Actually, we might have changed this at some point to get more jobs run in the normal way (centrally).

These were the first occurrences:

{
  "_index": "logstash-2015.10.31",
  "_type": "mediawiki",
  "_id": "AVC8f0N1lAIL90ZzMe6V",
  "_score": null,
  "_source": {
    "message": "Connection error: Unknown error (208.80.154.136)",
    "@version": 1,
    "@timestamp": "2015-10-31T06:04:27.000Z",
    "type": "mediawiki",
    "host": "mw1015",
    "level": "ERROR",
    "tags": [
      "syslog",
      "es",
      "es",
      "normalized_message_untrimmed"
    ],
    "channel": "wfLogDBError",
    "url": "/rpc/RunJobs.php?wiki=labswiki&type=EchoNotificationDeleteJob&maxtime=60&maxmem=300M",
    "ip": "127.0.0.1",
    "http_method": "POST",
    "server": "127.0.0.1",
    "referrer": null,
    "uid": "fa60c66",
    "process_id": 9763,
    "wiki": "labswiki",
    "method": "LoadBalancer::reportConnectionError",
    "last_error": "Unknown error",
    "db_server": "208.80.154.136",
    "normalized_message": "Connection error: Unknown error (208.80.154.136)"
  },
  "sort": [
    1446271467000
  ]
}
{
  "_index": "logstash-2015.10.31",
  "_type": "mediawiki",
  "_id": "AVC9HgUUMRv_gmyxRqFQ",
  "_score": null,
  "_source": {
    "message": "Connection error: Unknown error (208.80.154.136)",
    "@version": 1,
    "@timestamp": "2015-10-31T08:57:51.000Z",
    "type": "mediawiki",
    "host": "mw1015",
    "level": "ERROR",
    "tags": [
      "syslog",
      "es",
      "es",
      "normalized_message_untrimmed"
    ],
    "channel": "wfLogDBError",
    "url": "/rpc/RunJobs.php?wiki=labswiki&type=refreshLinksPrioritized&maxtime=60&maxmem=300M",
    "ip": "127.0.0.1",
    "http_method": "POST",
    "server": "127.0.0.1",
    "referrer": null,
    "uid": "e8373ce",
    "process_id": 9763,
    "wiki": "labswiki",
    "method": "LoadBalancer::reportConnectionError",
    "last_error": "Unknown error",
    "db_server": "208.80.154.136",
    "normalized_message": "Connection error: Unknown error (208.80.154.136)"
  },
  "sort": [
    1446281871000
  ]
}

This may help pinpoint the relevant commits.
Krinkle renamed this task from RunJobs.php fails to be executed on labswiki to Job queue broken for labswiki (jobs for wikitech.wikimedia.org are not running).Dec 3 2015, 2:40 PM

This is causing problems on wikitech since link updates are not running. E.g. pages added or removed from categories do not actually get added to their respective categories. This is making it hard to find up to date documentation, and also hard to write/update documentation as nothing seems to actually stick or happen in reality after saving as refreshLinks just fails on a mysql connect error.
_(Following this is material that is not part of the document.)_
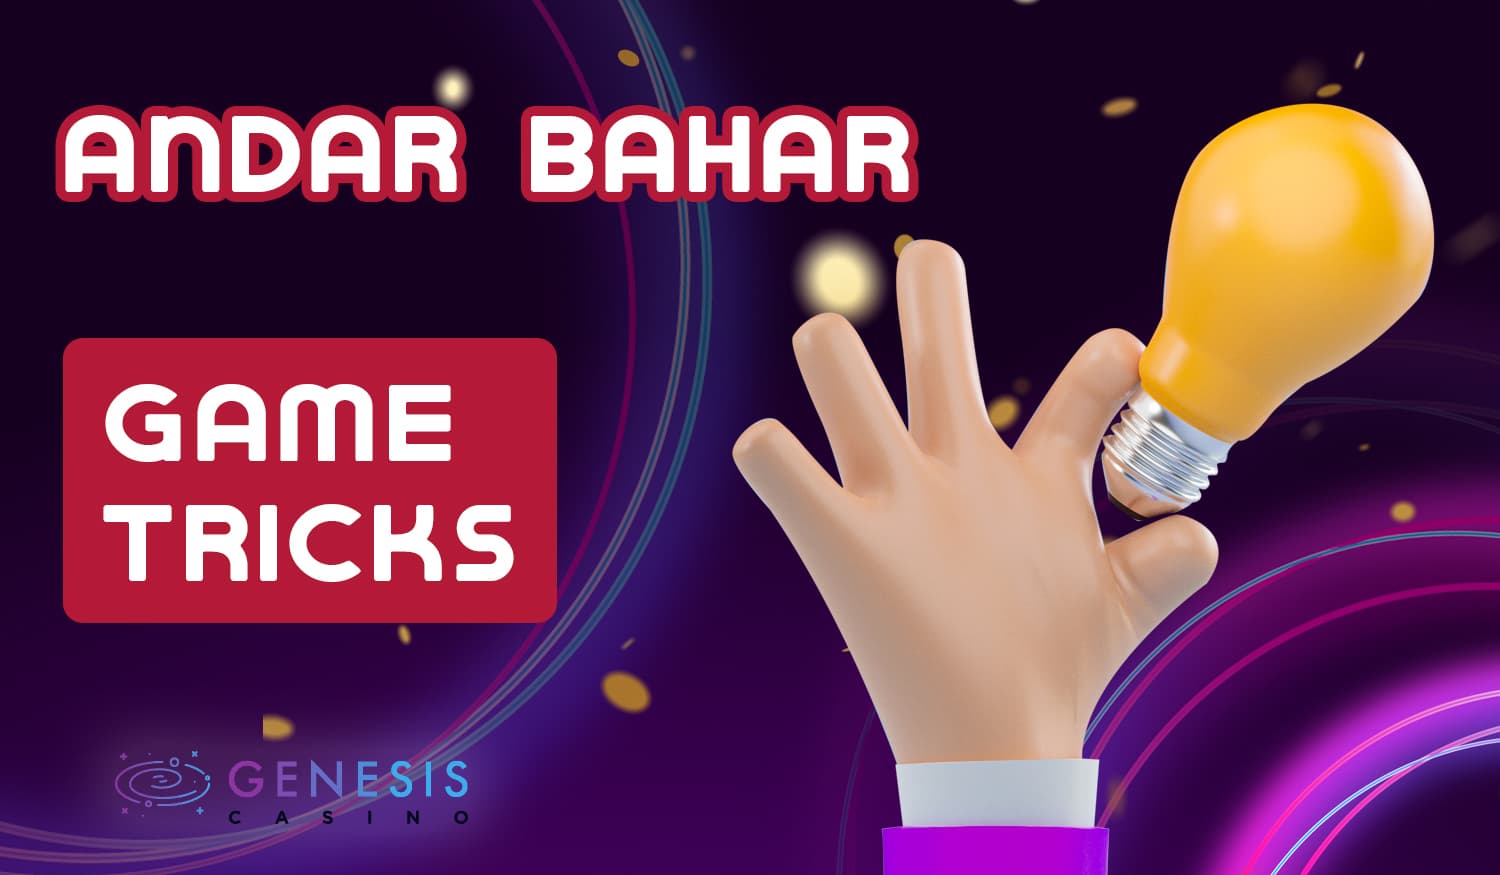 List of useful tips for beginner Andar Bahar players from India at Genesis

FWIW, labswiki is not supposed to use the cluster's jobqueue at all:

https://github.com/wikimedia/operations-mediawiki-config/blob/master/wmf-config/InitialiseSettings.php#L15903-L15906

so something very strange is going on.

I just confirmed with tcpdump: silver (wikitech) is submitting jobs to the jobqueue even if it shouldn't.

Not sure where the bug lies but this seems pretty serious, given how clearly the rule is bypassed.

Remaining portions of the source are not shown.